Join the discussion 5 Comments

  • Avatar Deb says:

    Hi guys, I have been following LCHF for a while, or should I say my family has been. Well Christmas comes up and we talk about the meat we would like. We had ham last year, much to my dislike. So ham comes up again this year, but I decide to look up more about this and I know it is processed. I also read about meat as maybe a carcinogenic for bowel cancer, from the cancer society. Processed food like ham and bacon as a carcinogenic. I feel a little sick. We cut down red meat to once or twice a week, but I feel bad when you dish up food for your family, that may not be good and it is so easy to get mixed up on the research that comes at us from the media and latest announcements. What is your opinion on the red meat issue relating to bowel cancer and what do you guys have for Christmas?
    Wishing you all Merry Christmas and a Safe and Happy New Year!

    • What The Fat? What The Fat? says:

      Hi Deb, the evidence linking meat to bowel cancer isn’t very strong, and is inconsistent. In particular, there’s no experiment in animals where feeding meat has caused cancer and 2 in which feeding bacon has reduced cancer proliferation. Other factors are more convincingly causal, for example selenium deficiency (commonest in the South Island of NZ where bowel cancer rates are highest) and excess insulin levels.
      The meat-causes-cancer idea was already firmly entrenched in vegetarian beliefs in the 19th century, attempts to test it came much later and have not amounted to much.
      Here’s a blog we wrote about a “meat and cancer” association in the EPIC data
      Here’s a discussion of selenium deficiency as a factor explaining other inconsistent results in EPIC
      And here’s a discussion of insulin resistance as a risk factor

      Thus, getting an adequate intake of nutrients helps to prevent cancer, keeping insulin low by keeping refined carbs low and total energy adequate but not excessive helps prevent cancer. Processed meat may be relatively low in micronutrients, while meat especially processed meat is often eaten – with refined carbohydrates – by people in labouring jobs who are exposed to workplace carcinogens or the effects of shift work; this carcinogen and shift work exposure is not measured in diet epidemiology, so we do not know how far it can explain the small associations sometimes seen in epidemiological studies.

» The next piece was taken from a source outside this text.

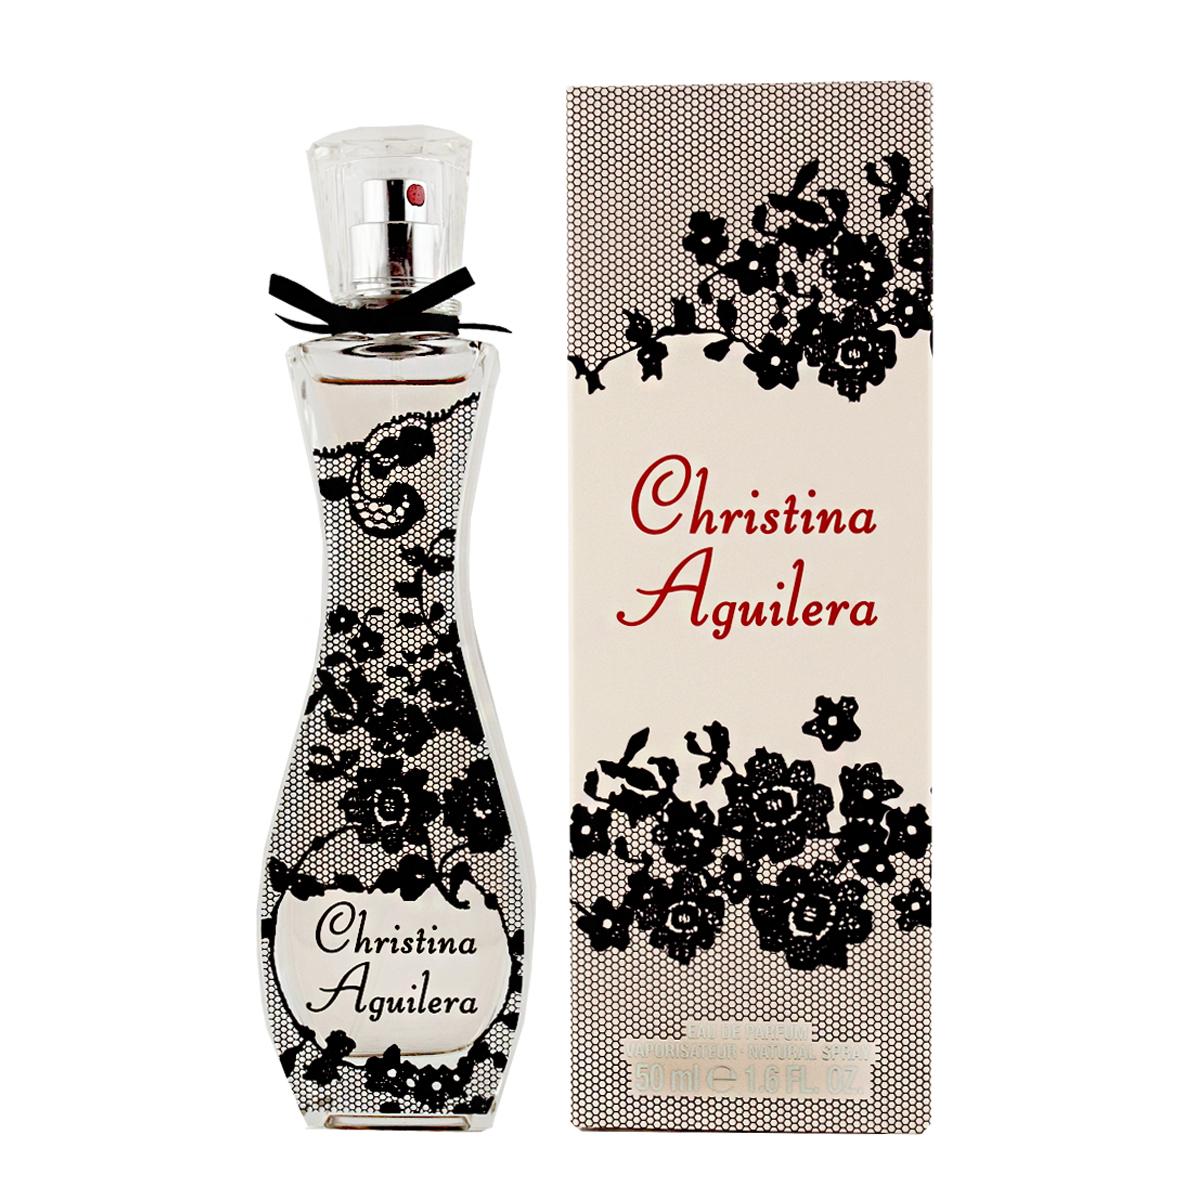 Christina Aguilera Christina Aguilera Eau De Parfum 50 ml (woman) 56939

I’ll be eating roast lamb on Xmas day, but keeping desserts to a minimum.
      Ham isn’t my first choice, for reasons of animal welfare as well as the complications of processing, but it is just one meal out of the year, and it’s important to enjoy it with one’s loved ones if at all possible!

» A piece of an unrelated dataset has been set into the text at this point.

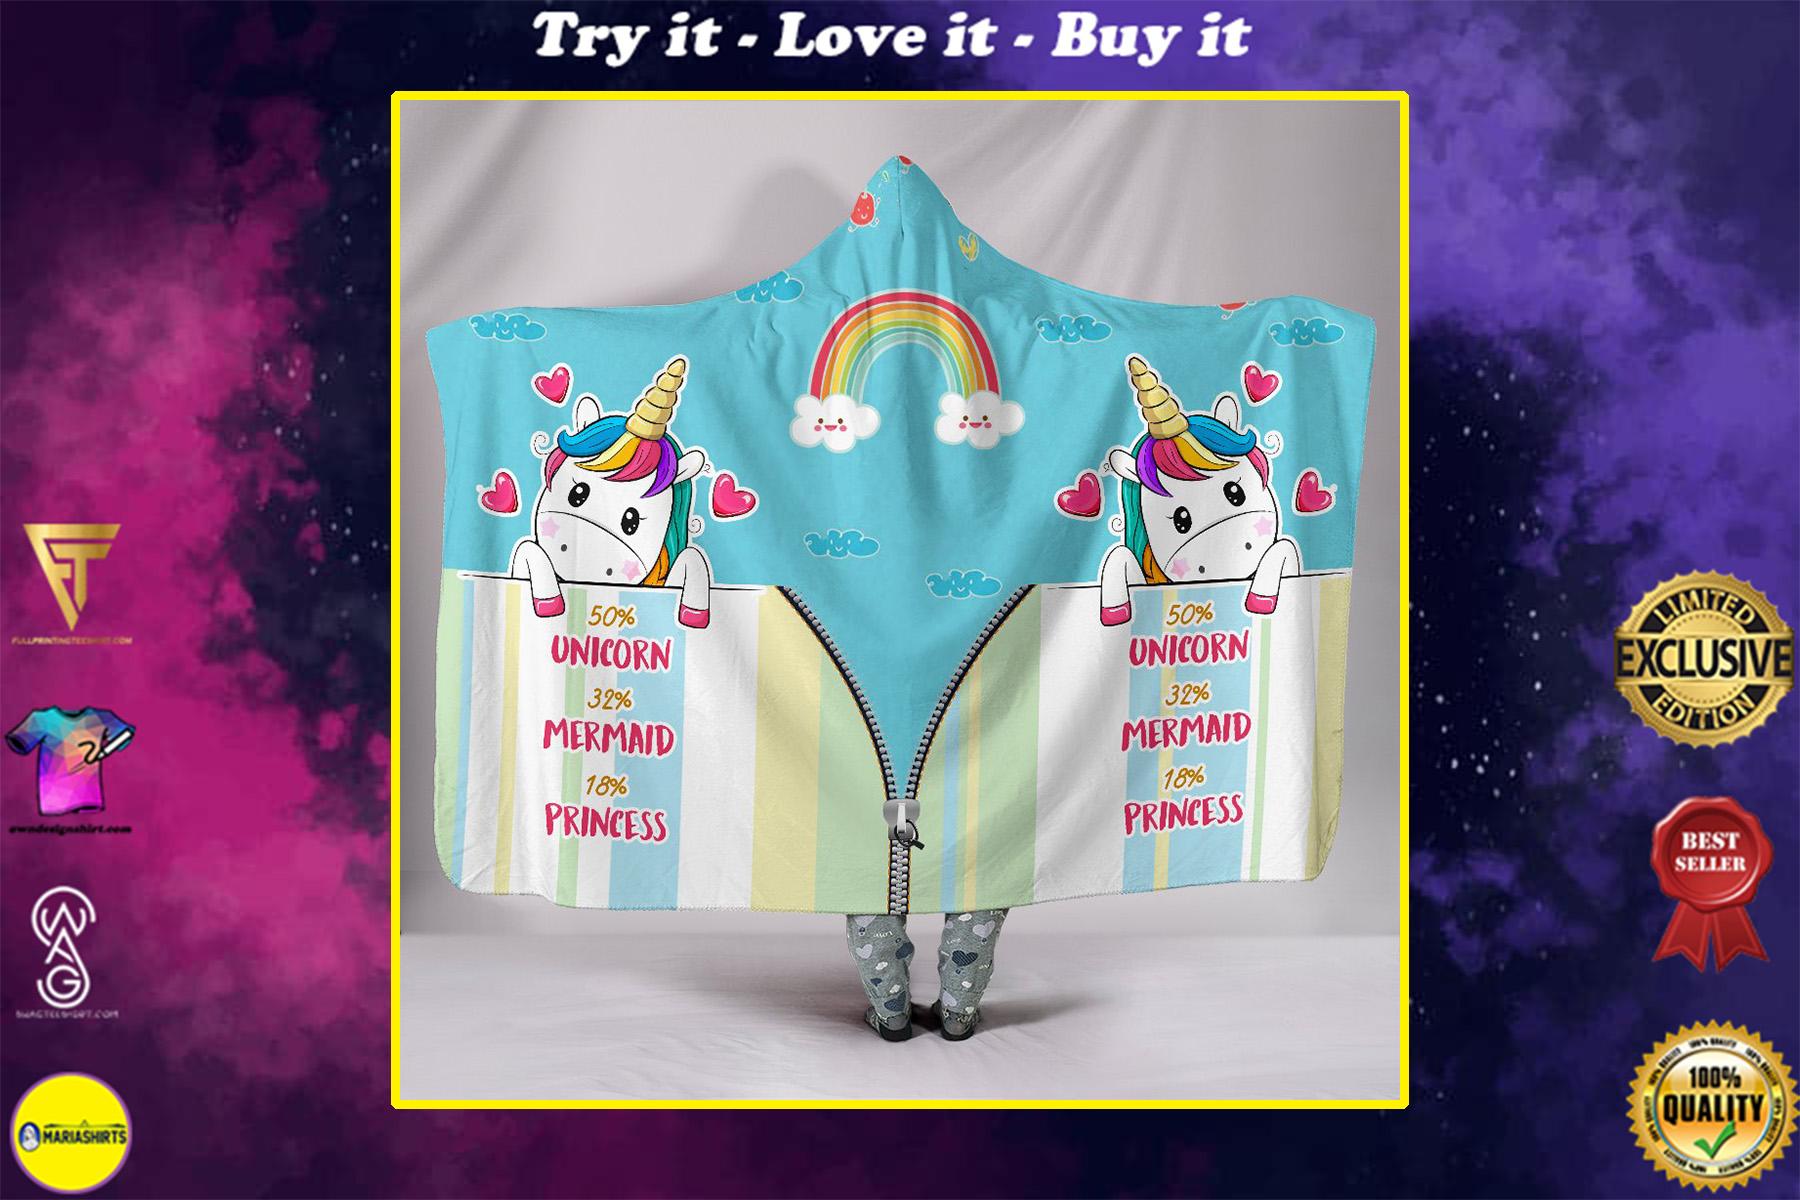 unicorn mermaid princess full printing hooded blanket

  • Avatar Mary McDonald says:

    This is a great refresher. Have just got in from lunch at Chelsea Sugar today and had a delicious lunch of two poached eggs, mushrooms, no toast. All delicious and satisfying.

  • Avatar Sandy Duncan says:

    Wonderful article, the best I have read. A very clear and balanced view. Thoughtful eating I would call it. I lost two stone a few years ago by replacing carbs with proteins. Have just started again but this time with fat rather than protein focus. Also reducing to one big and one small meal a day. Thanks for your perspective on the subject.

  • Avatar Trudy says:

    I think #6 is one of the most important ideas about LCHF to remember. When I talk to people about our way of eating I tell them that what works for me may not work for them, but the basics are the same for all of us. Thank you for reminding us of the basic tenants of LCHF.